▶ _Data below_:
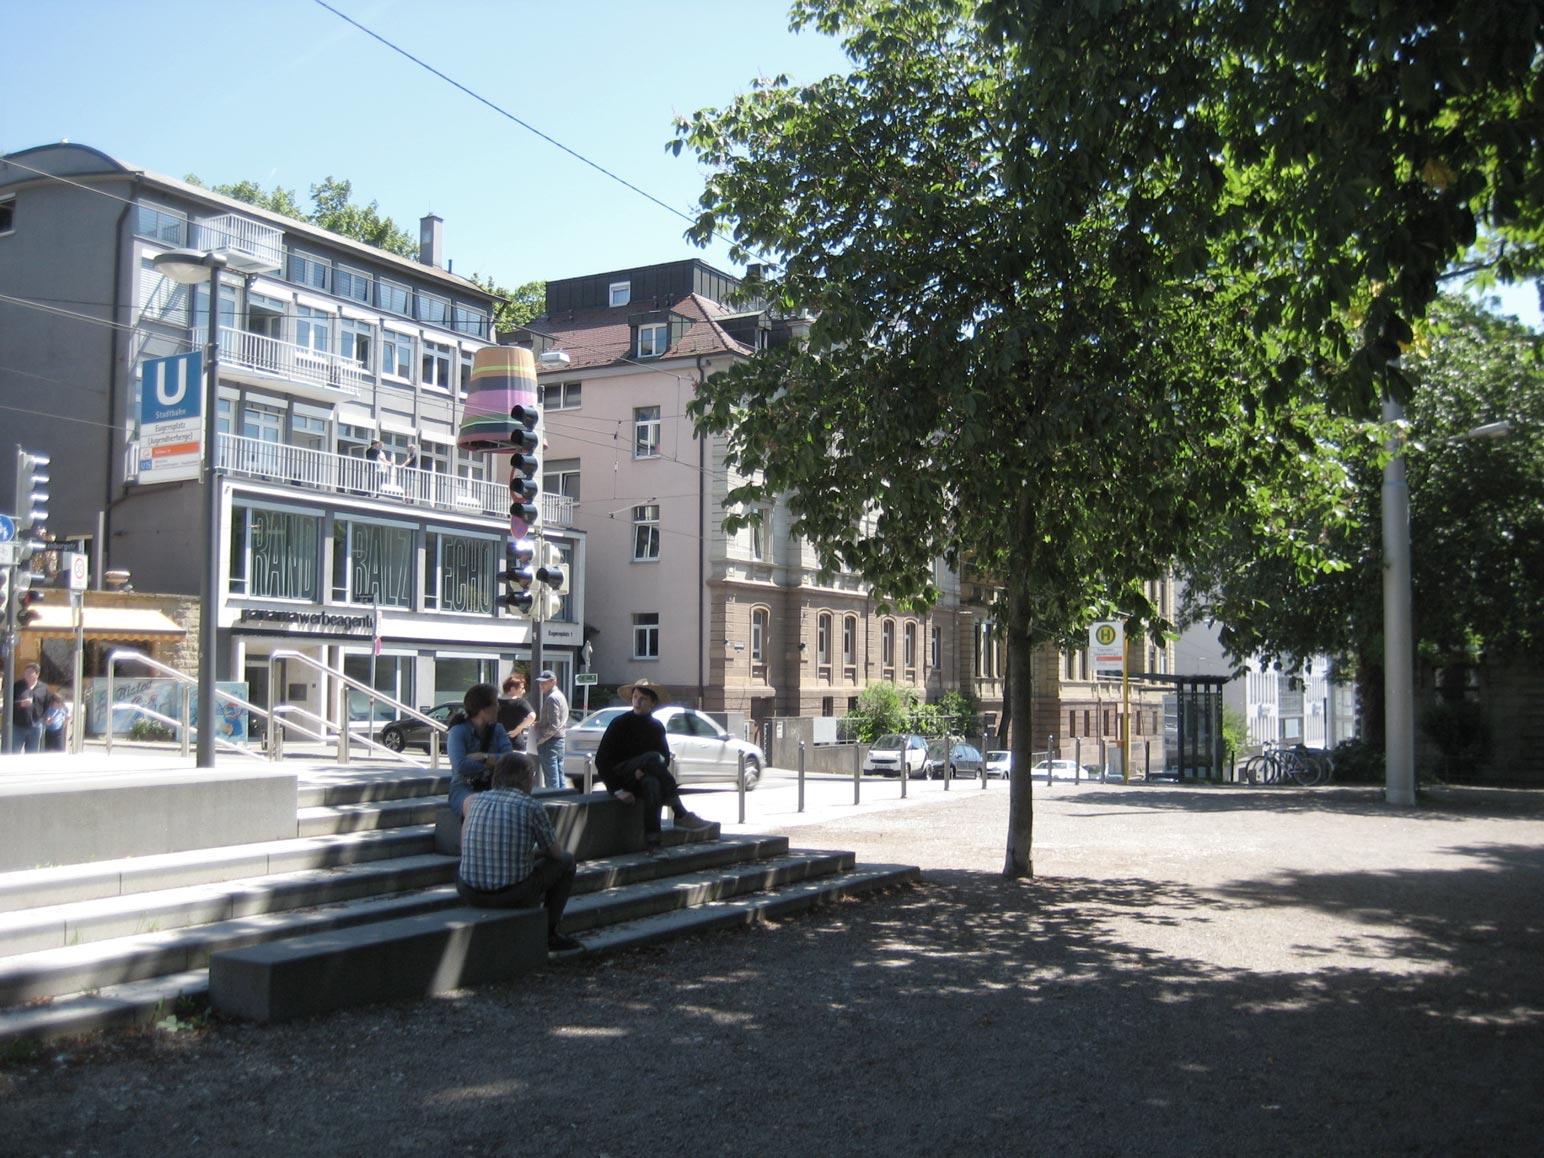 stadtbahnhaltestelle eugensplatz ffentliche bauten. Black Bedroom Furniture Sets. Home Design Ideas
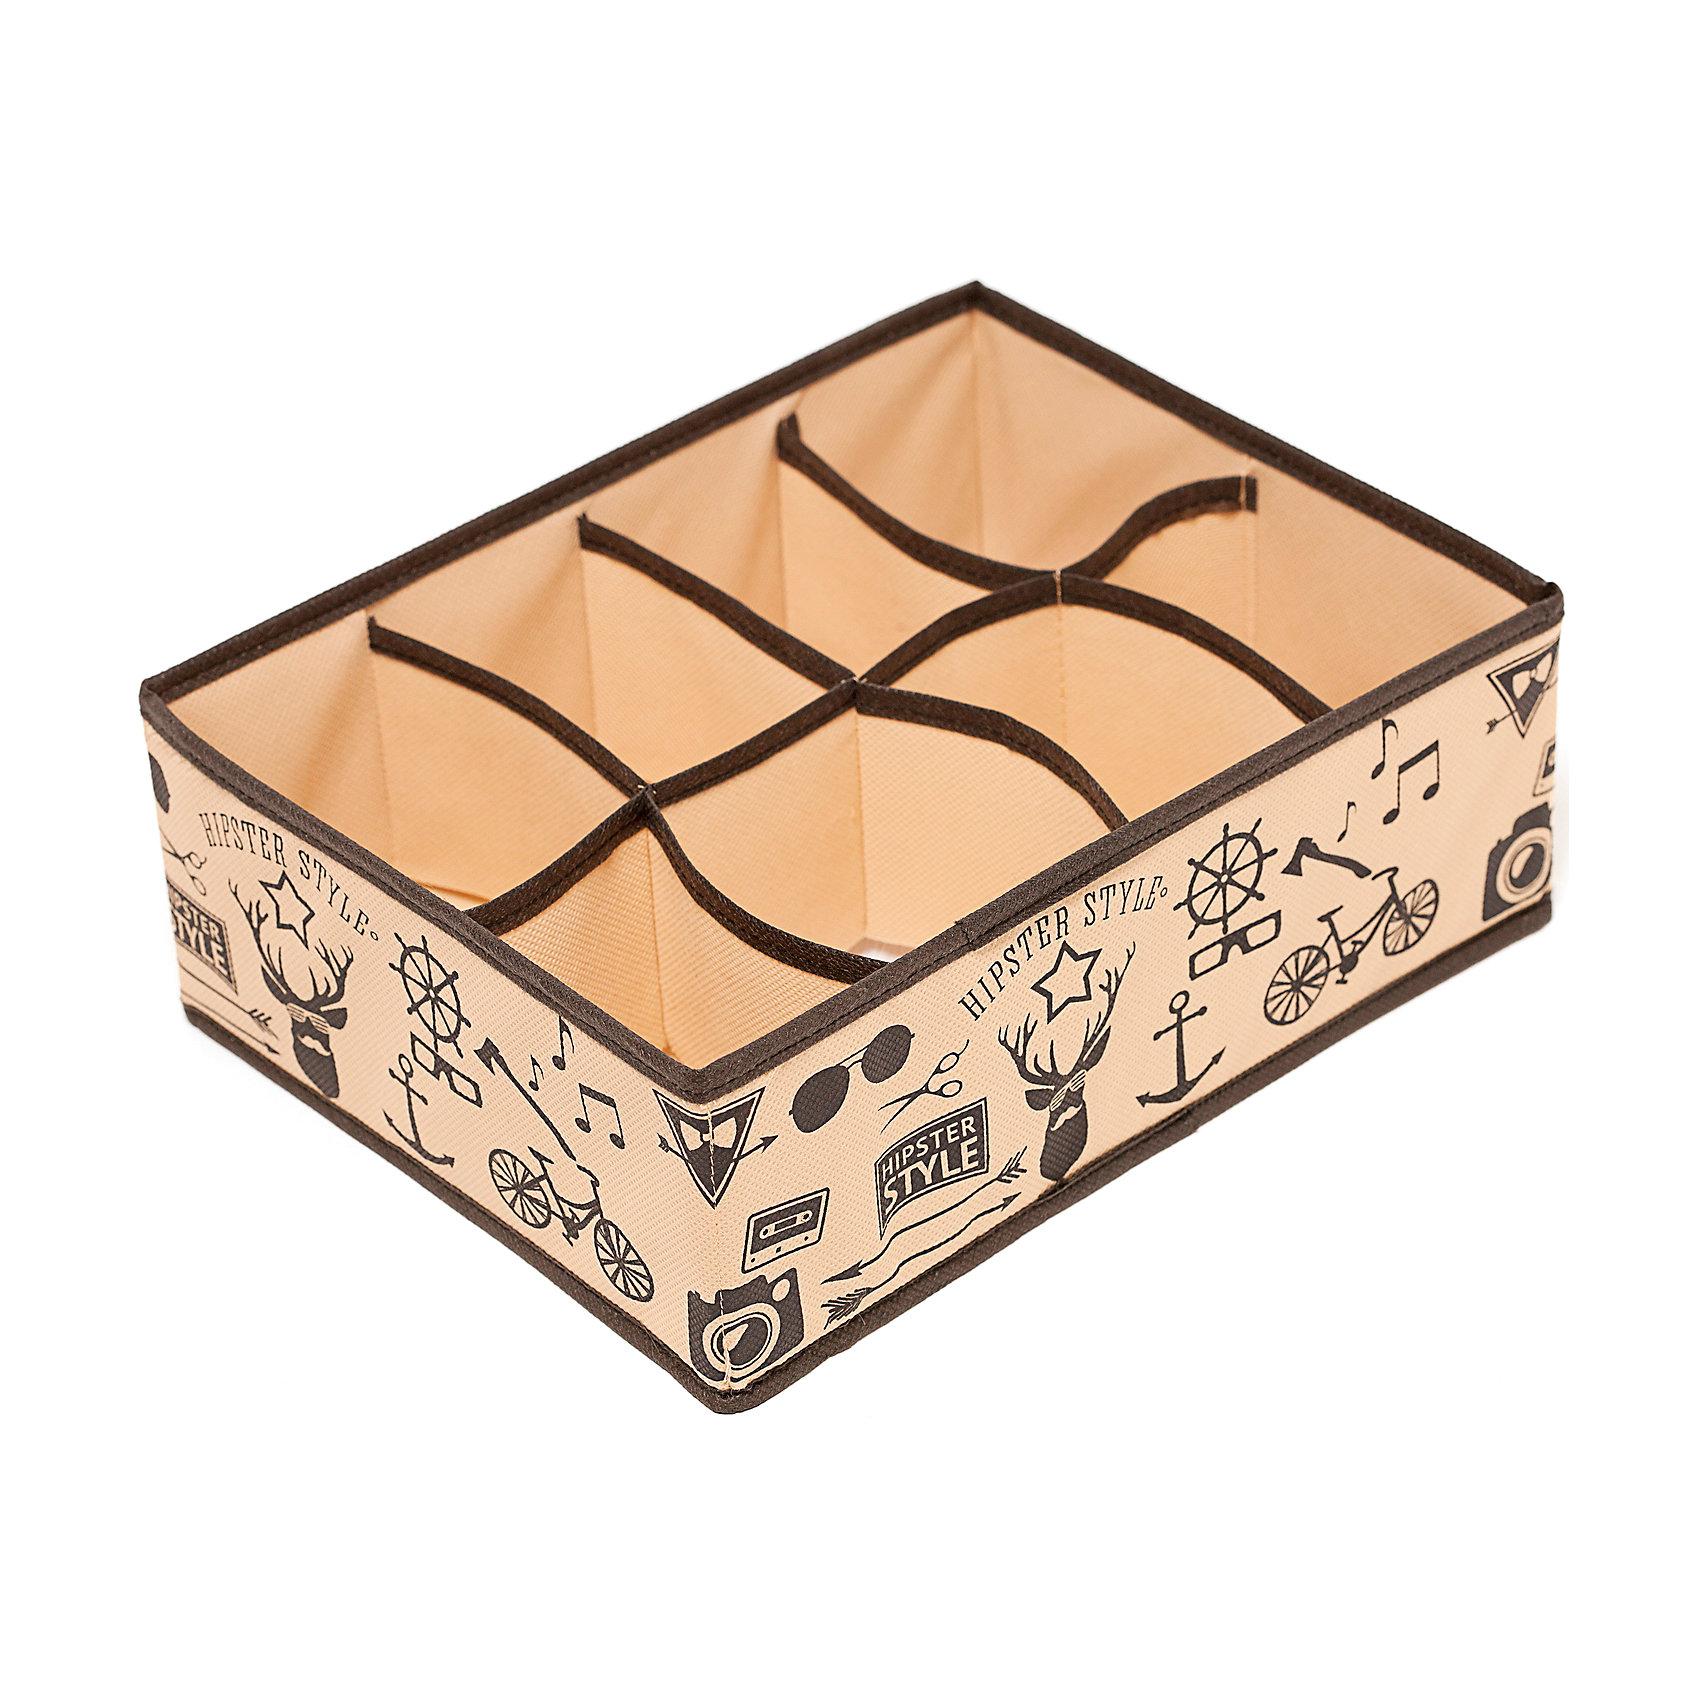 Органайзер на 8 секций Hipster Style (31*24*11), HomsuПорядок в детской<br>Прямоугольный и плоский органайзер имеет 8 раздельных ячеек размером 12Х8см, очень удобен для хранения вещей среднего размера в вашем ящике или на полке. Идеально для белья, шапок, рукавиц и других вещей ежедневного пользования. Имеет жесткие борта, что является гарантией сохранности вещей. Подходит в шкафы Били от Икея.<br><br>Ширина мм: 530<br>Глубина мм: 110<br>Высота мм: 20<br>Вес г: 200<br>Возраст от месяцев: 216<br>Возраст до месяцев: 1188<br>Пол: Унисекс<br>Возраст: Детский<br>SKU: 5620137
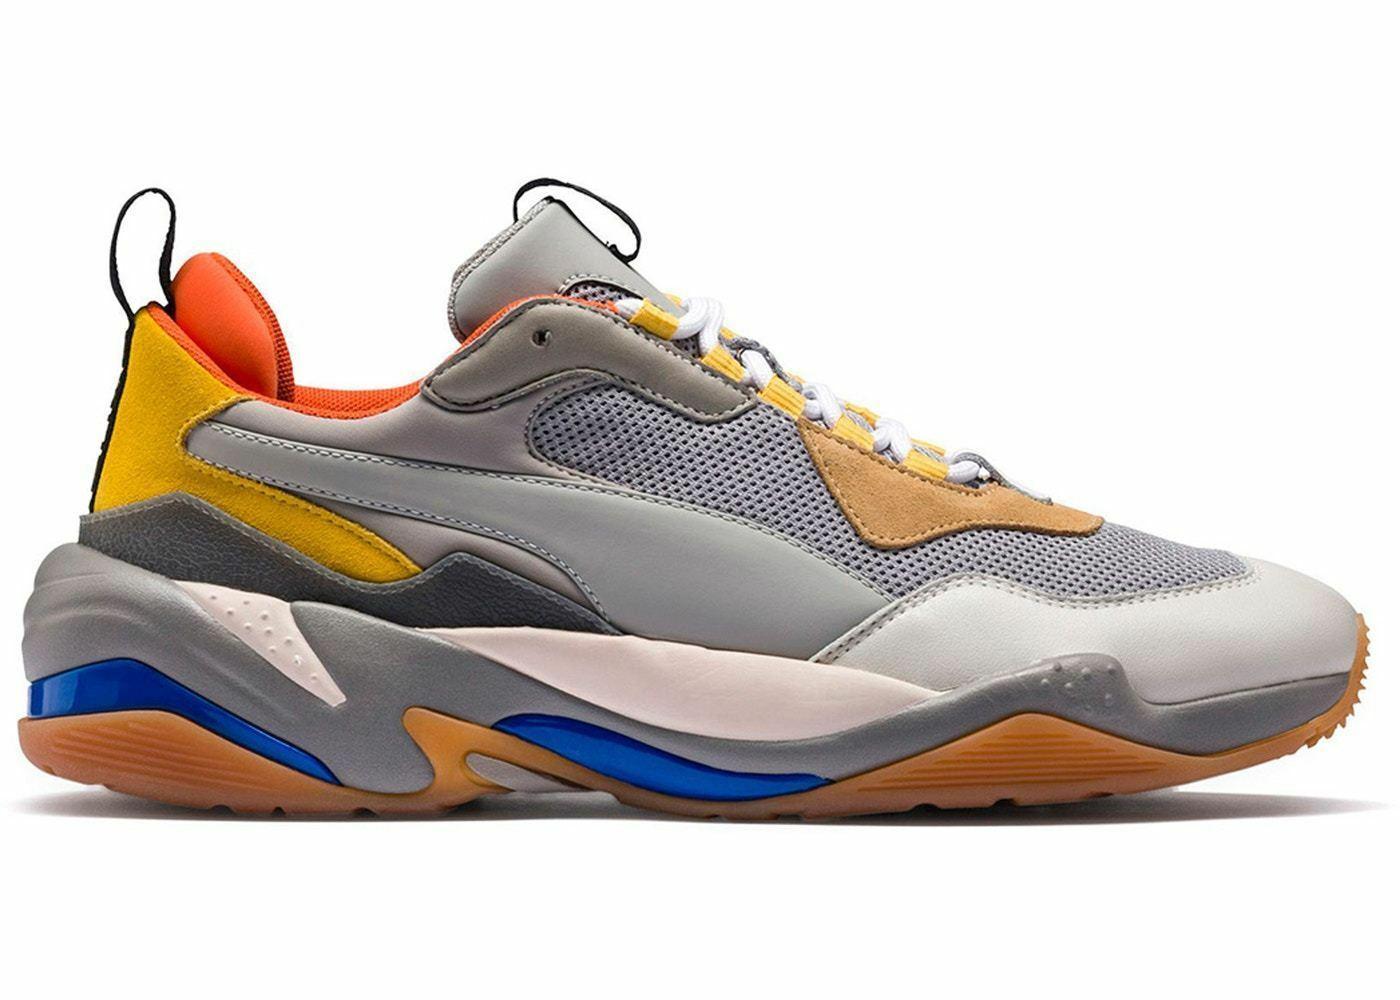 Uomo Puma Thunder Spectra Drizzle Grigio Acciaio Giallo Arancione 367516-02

▶ _Exercise objective_: With the pictures left out, copy exactly the lines from the one containing "Органайзер на 8" through the last line of the data.

▶ _Reply_:
 Органайзер на 8 секций Hipster Style (31*24*11), HomsuПорядок в детской<br>Прямоугольный и плоский органайзер имеет 8 раздельных ячеек размером 12Х8см, очень удобен для хранения вещей среднего размера в вашем ящике или на полке. Идеально для белья, шапок, рукавиц и других вещей ежедневного пользования. Имеет жесткие борта, что является гарантией сохранности вещей. Подходит в шкафы Били от Икея.<br><br>Ширина мм: 530<br>Глубина мм: 110<br>Высота мм: 20<br>Вес г: 200<br>Возраст от месяцев: 216<br>Возраст до месяцев: 1188<br>Пол: Унисекс<br>Возраст: Детский<br>SKU: 5620137
 Uomo Puma Thunder Spectra Drizzle Grigio Acciaio Giallo Arancione 367516-02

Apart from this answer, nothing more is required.